Work to complete.
Output, exactly as written, the lines below from the one that has "Падіж сайтів: завдано" through the one that has "Acer Aspire ES1-533"; nothing else, and no pictures.

++++ Source information ++++

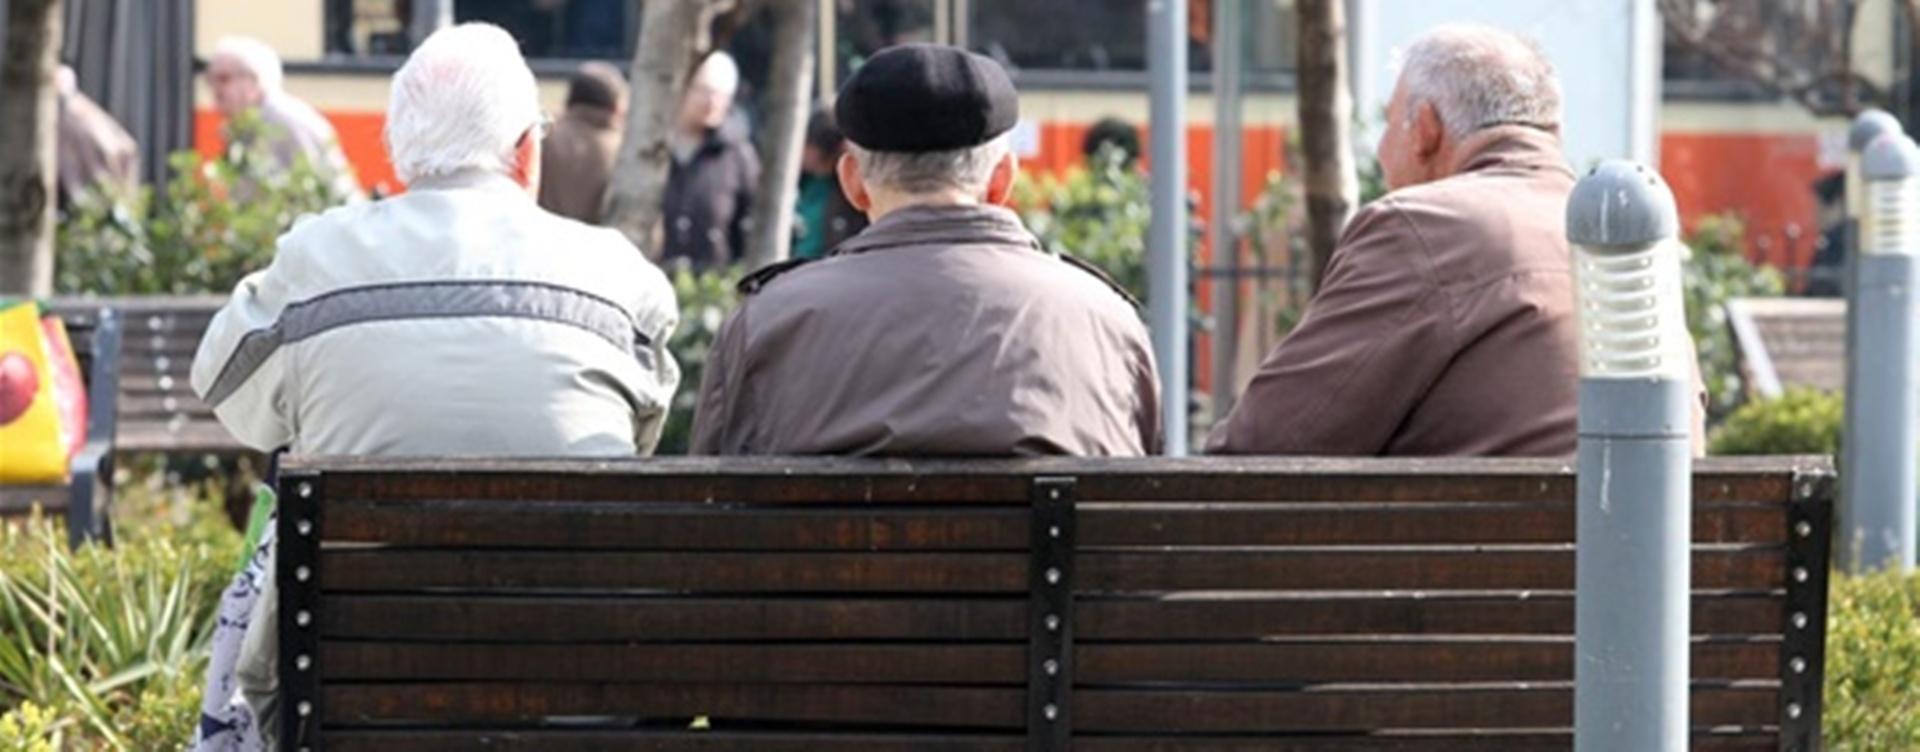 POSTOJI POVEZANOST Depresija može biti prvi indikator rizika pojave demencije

++++
++++ Source information ++++

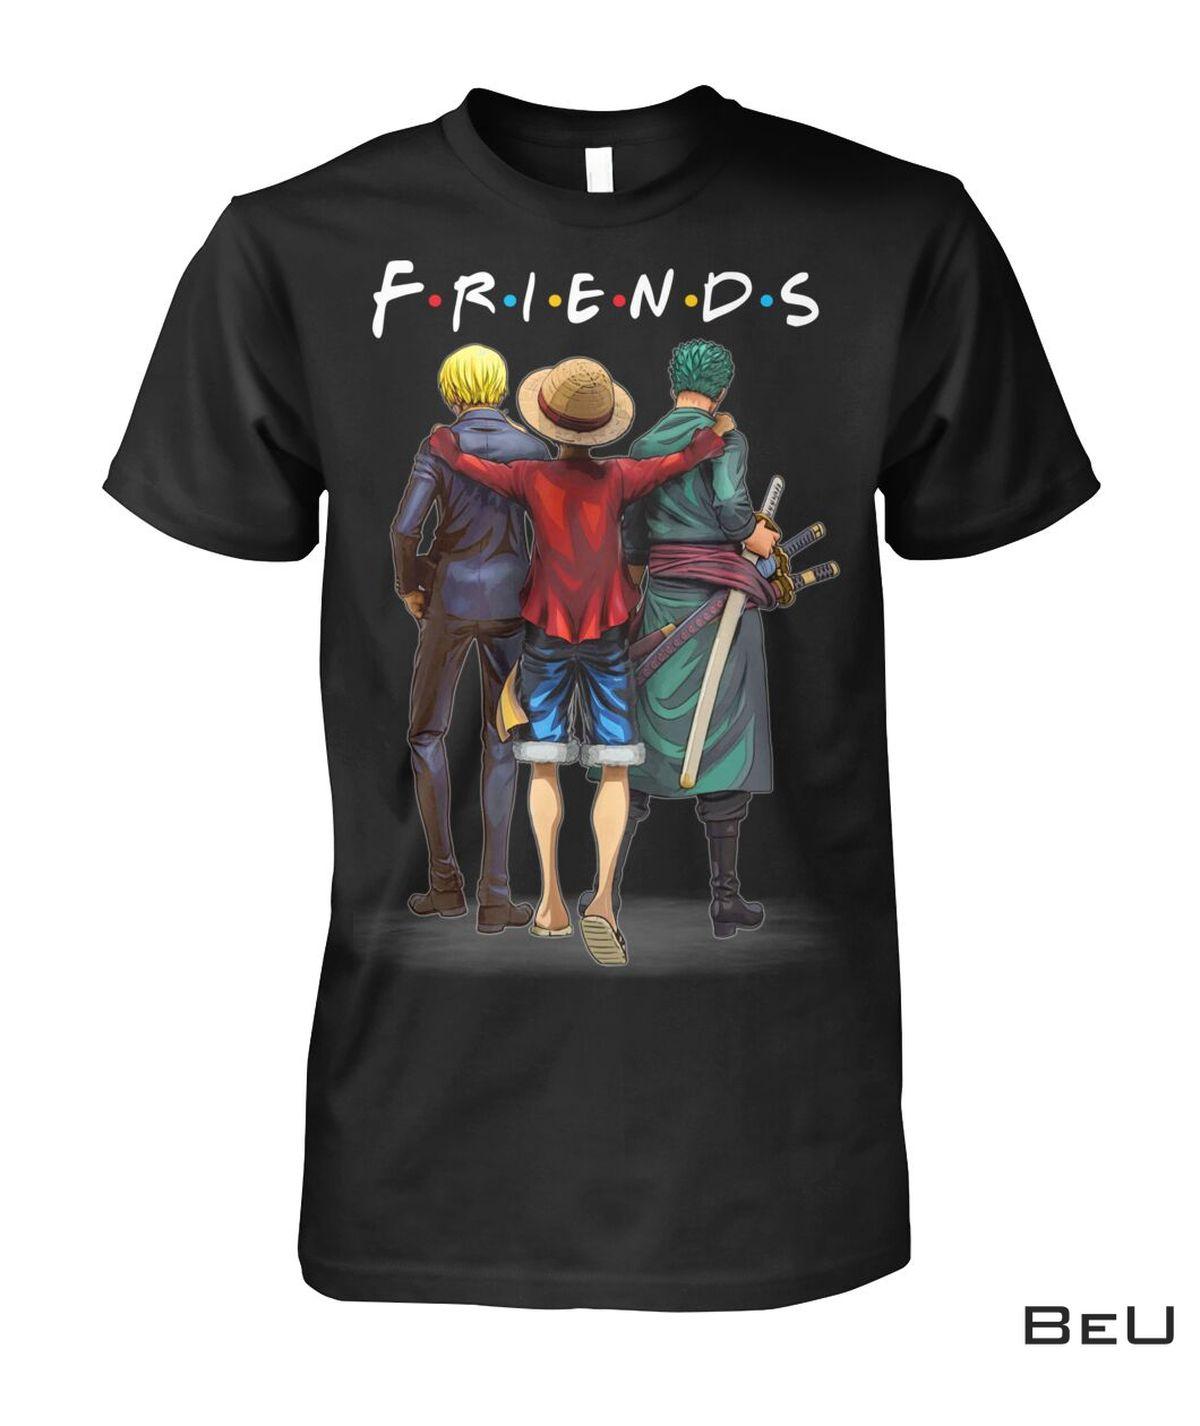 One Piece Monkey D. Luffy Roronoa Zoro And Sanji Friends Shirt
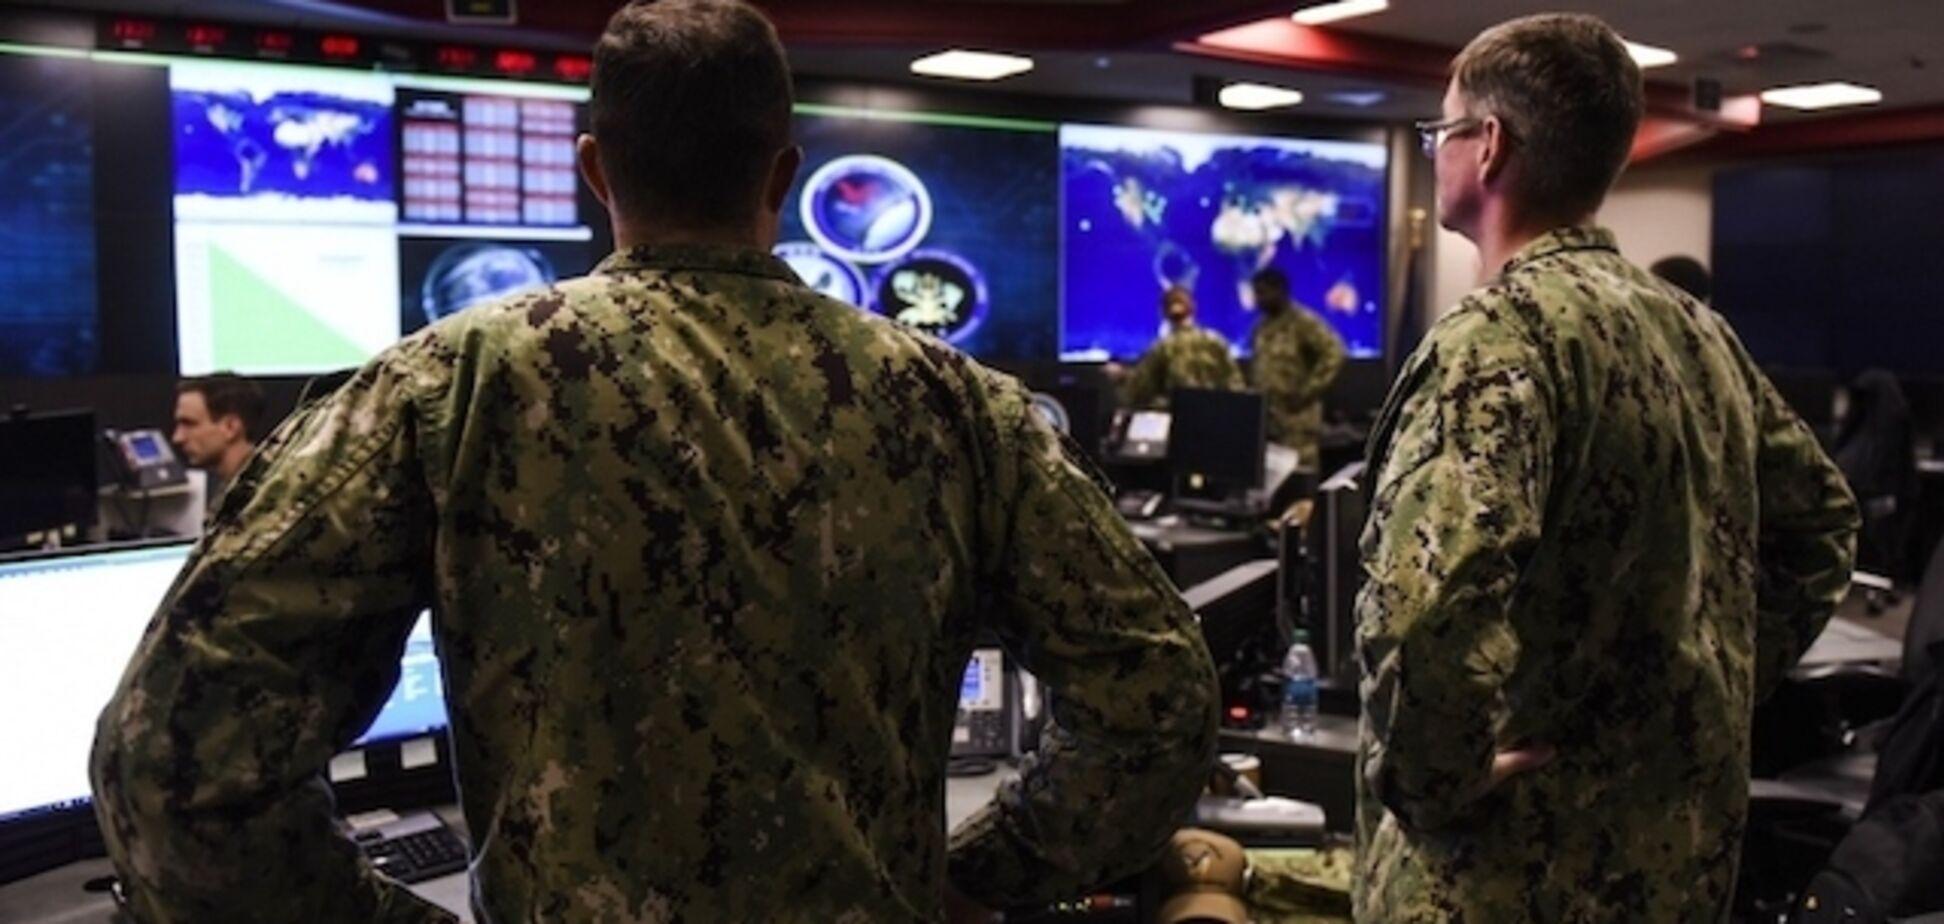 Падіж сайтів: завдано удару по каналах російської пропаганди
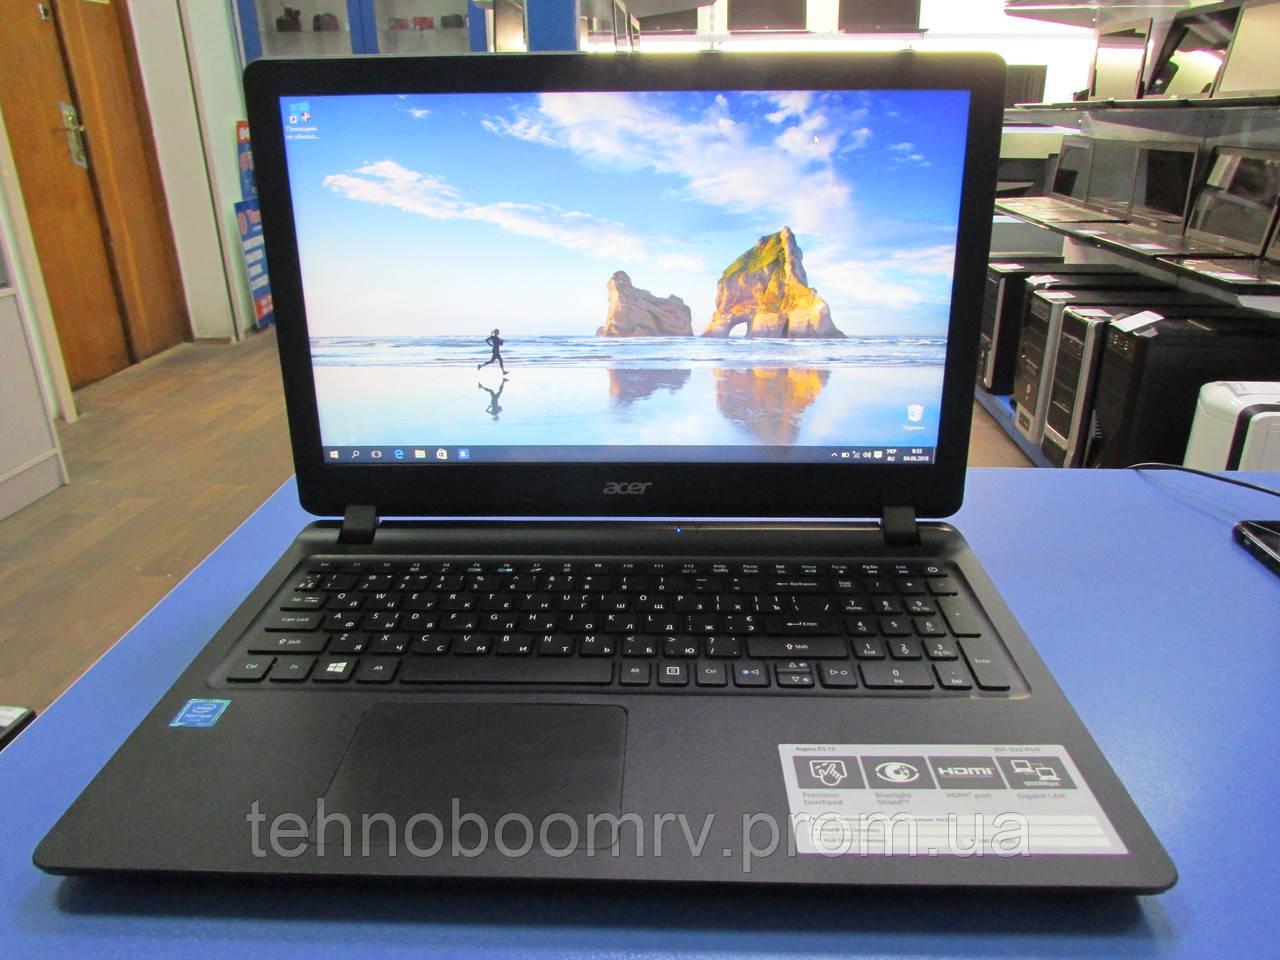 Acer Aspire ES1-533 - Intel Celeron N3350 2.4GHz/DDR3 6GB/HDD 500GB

++++
++++ Source information ++++

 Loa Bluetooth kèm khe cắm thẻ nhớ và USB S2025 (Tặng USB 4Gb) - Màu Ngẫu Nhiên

++++

Answer to this exercise.
 Падіж сайтів: завдано удару по каналах російської пропаганди
 Acer Aspire ES1-533 - Intel Celeron N3350 2.4GHz/DDR3 6GB/HDD 500GB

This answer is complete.